Key empirical findings:
- Scenario 1 (Reinforcement) – All models achieve very high accuracy (90 %–100 %). When the context aligns with stored knowledge, LLMs reliably use their parametric facts.
- Scenario 2 (Adding new information) – Non‑fine‑tuned models hover around 60‑75 % accuracy, while fine‑tuning boosts performance to ≈90 %. The improvement shows that modest supervised exposure can help the model learn to incorporate new edges, but the gain is limited.
- Scenario 3 (Contradiction) – Accuracy collapses to the random baseline (~50 %). Fine‑tuning yields only marginal gains. This reveals a fundamental difficulty: strong priors encoded in the weights are hard to override, leading to two failure modes identified by the authors: (a) context‑ignoring (the model defaults to stored facts) and (b) context‑overfitting (the model follows the premise but loses essential intermediate links).
- Scenario 4 (Irrelevant context) – Most models maintain high performance; GPT‑5 reaches near‑perfect scores, while fine‑tuned GPT‑4o improves over the standard baseline. LLaMA 3.1, however, shows a performance drop after fine‑tuning, suggesting that model size and architecture influence how fine‑tuning interacts with counterfactual reasoning.
CoT prompting provides modest benefits but does not resolve the core conflict between context and parametric knowledge. The authors argue that the observed bias toward stored facts is amplified by post‑training alignment procedures (RLHF, factuality rewards) that explicitly reward consistency with memorized knowledge and penalize speculative deviations. Such alignment makes it harder for a model to accept counterfactual premises, even when they are plausible.
To isolate the effect of alignment, the authors conduct controlled synthetic experiments with small transformers trained from scratch on randomly generated directed graphs. Even without any alignment pressure, models still exhibit the same two failure modes when presented with contradictory premises, indicating that the limitation is rooted in the architecture’s inability to dynamically modify its internal knowledge graph on the fly.

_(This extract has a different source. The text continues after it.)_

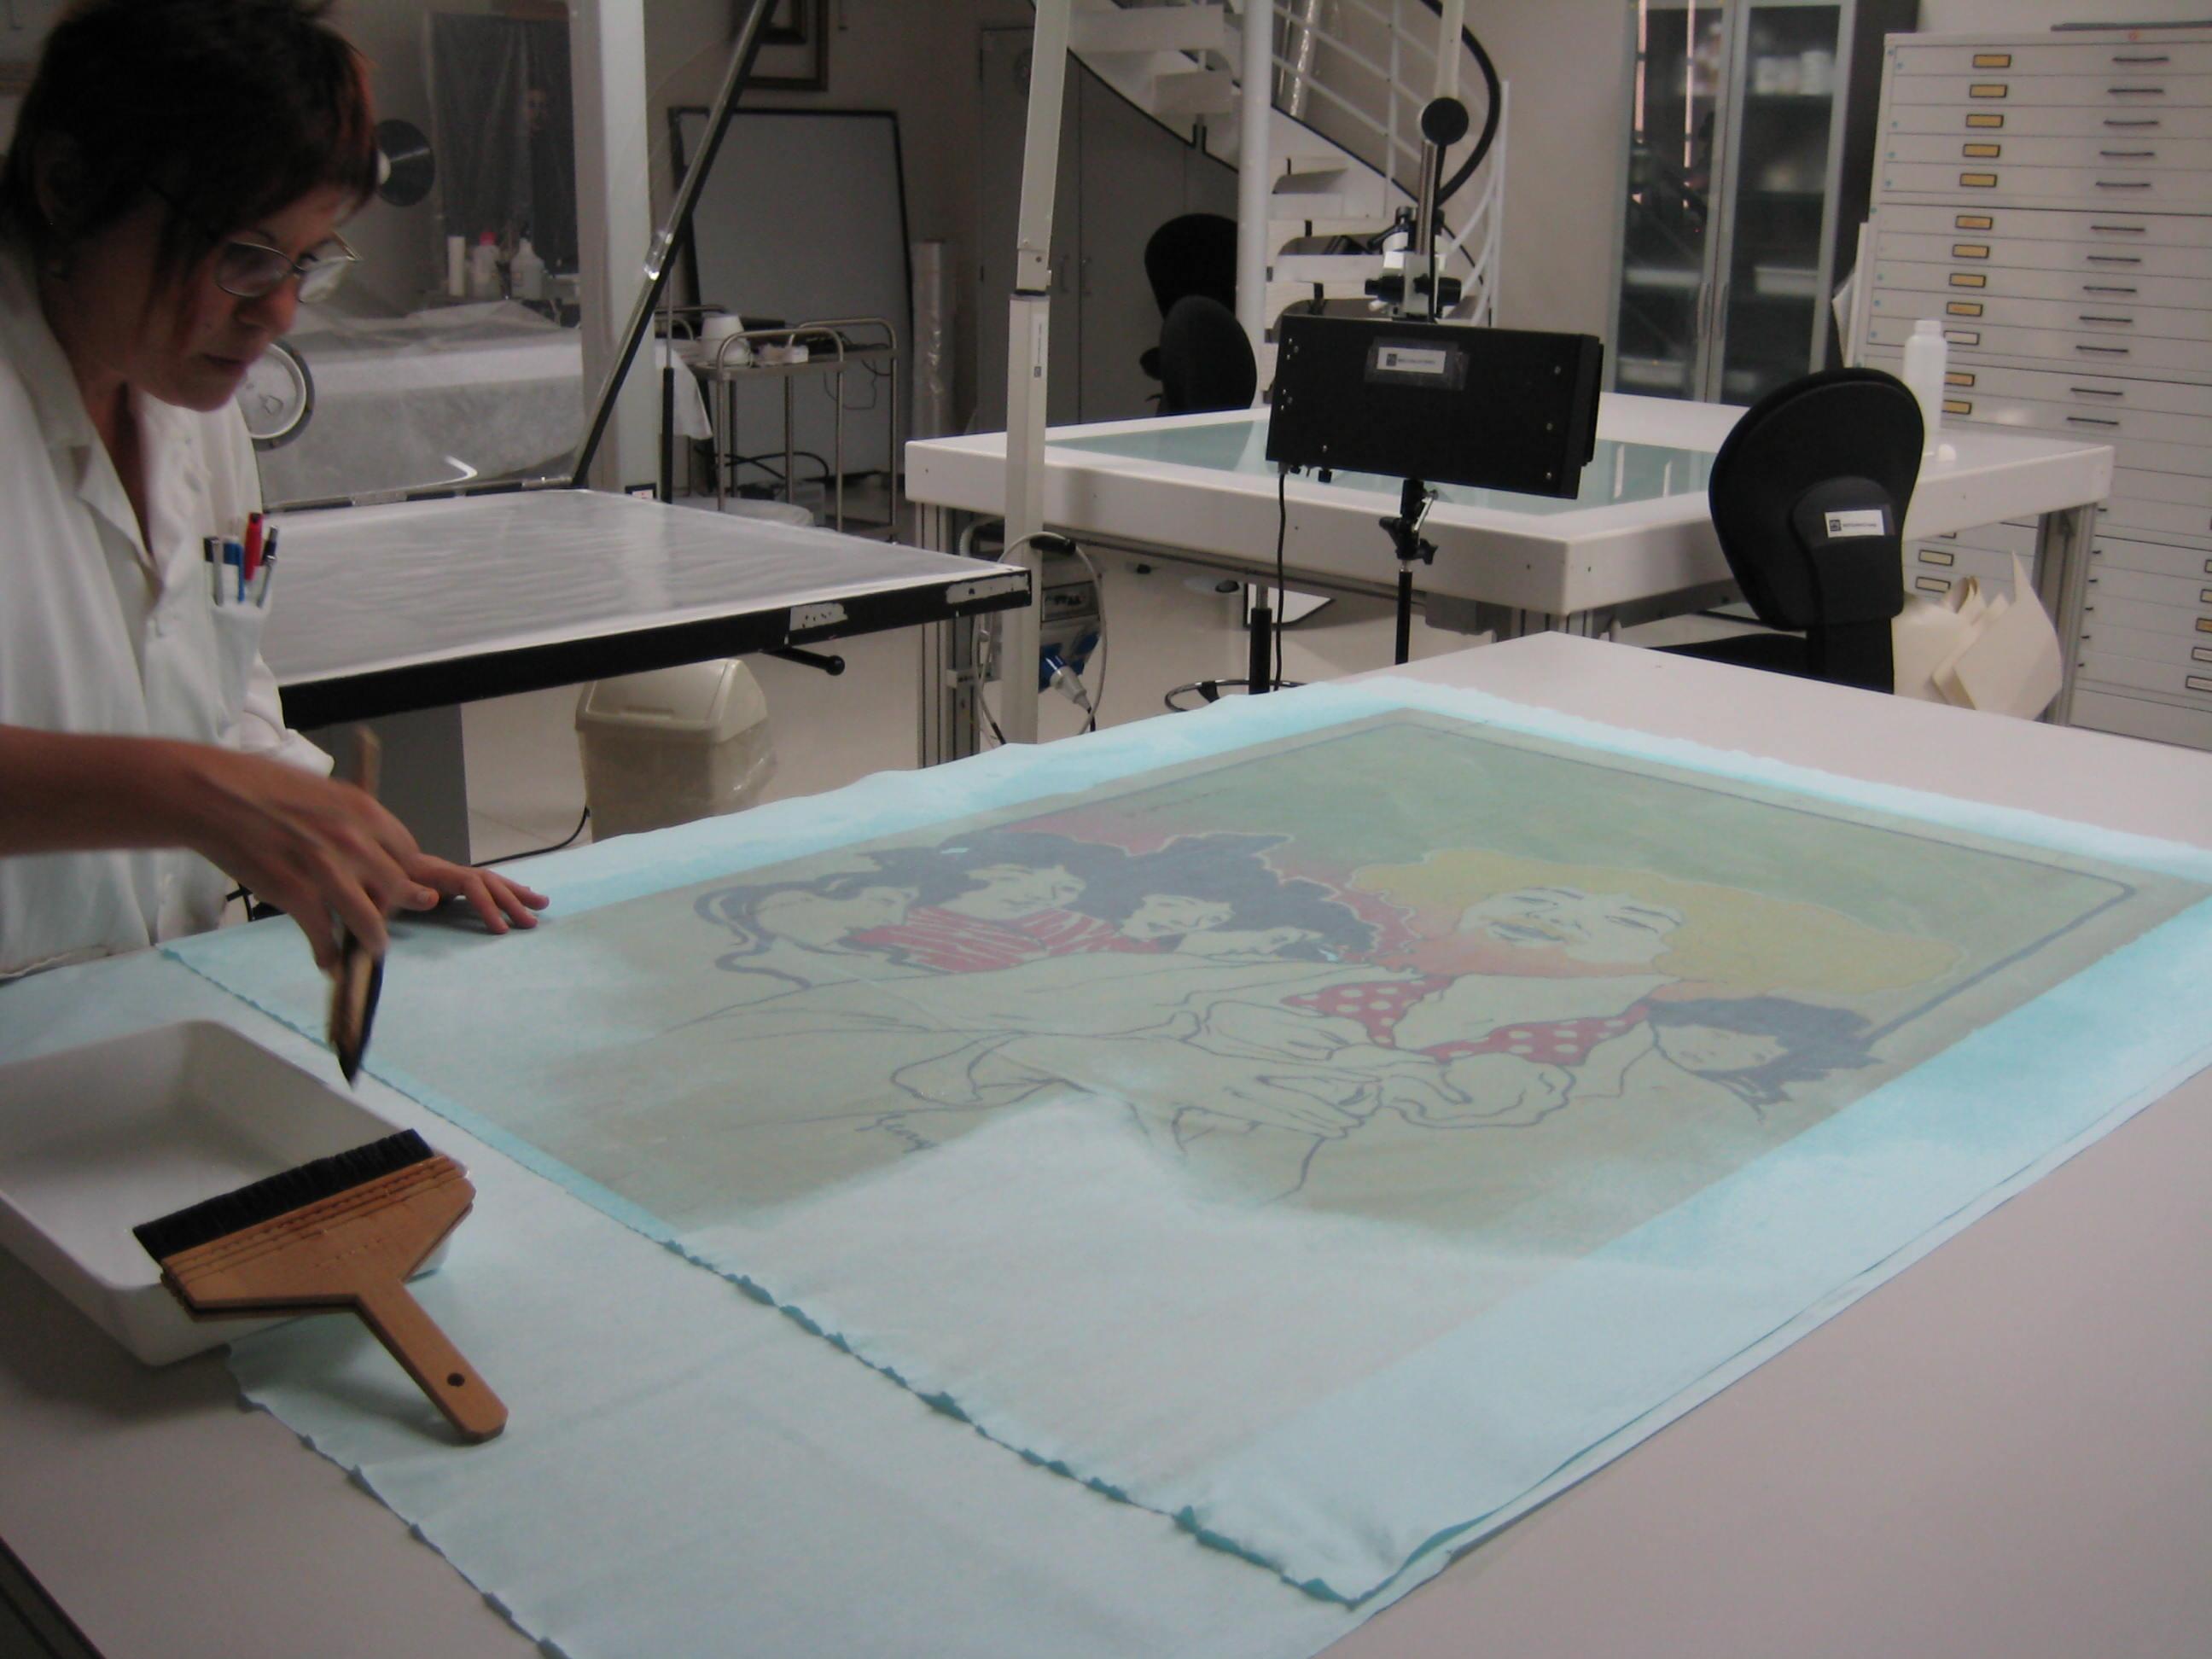 m-l-g-fay_le-quartier_1897_cartell_neteja-per-facing_ombres-xineses

The paper concludes that while modern LLMs excel at memorizing facts and performing multi‑hop reasoning over them, they lack robust mechanisms for on‑the‑fly knowledge modification. Simple fine‑tuning or prompting tricks are insufficient to endow them with reliable counterfactual reasoning. The authors suggest future directions such as integrating explicit memory modules, designing meta‑learning objectives that balance trust in parametric versus contextual sources, and revisiting alignment objectives to preserve flexibility under hypothetical scenarios.
Overall, the work provides a systematic diagnosis of a critical blind spot in current LLM capabilities and highlights the need for new modeling and training paradigms that can seamlessly blend stored knowledge with novel, potentially conflicting information.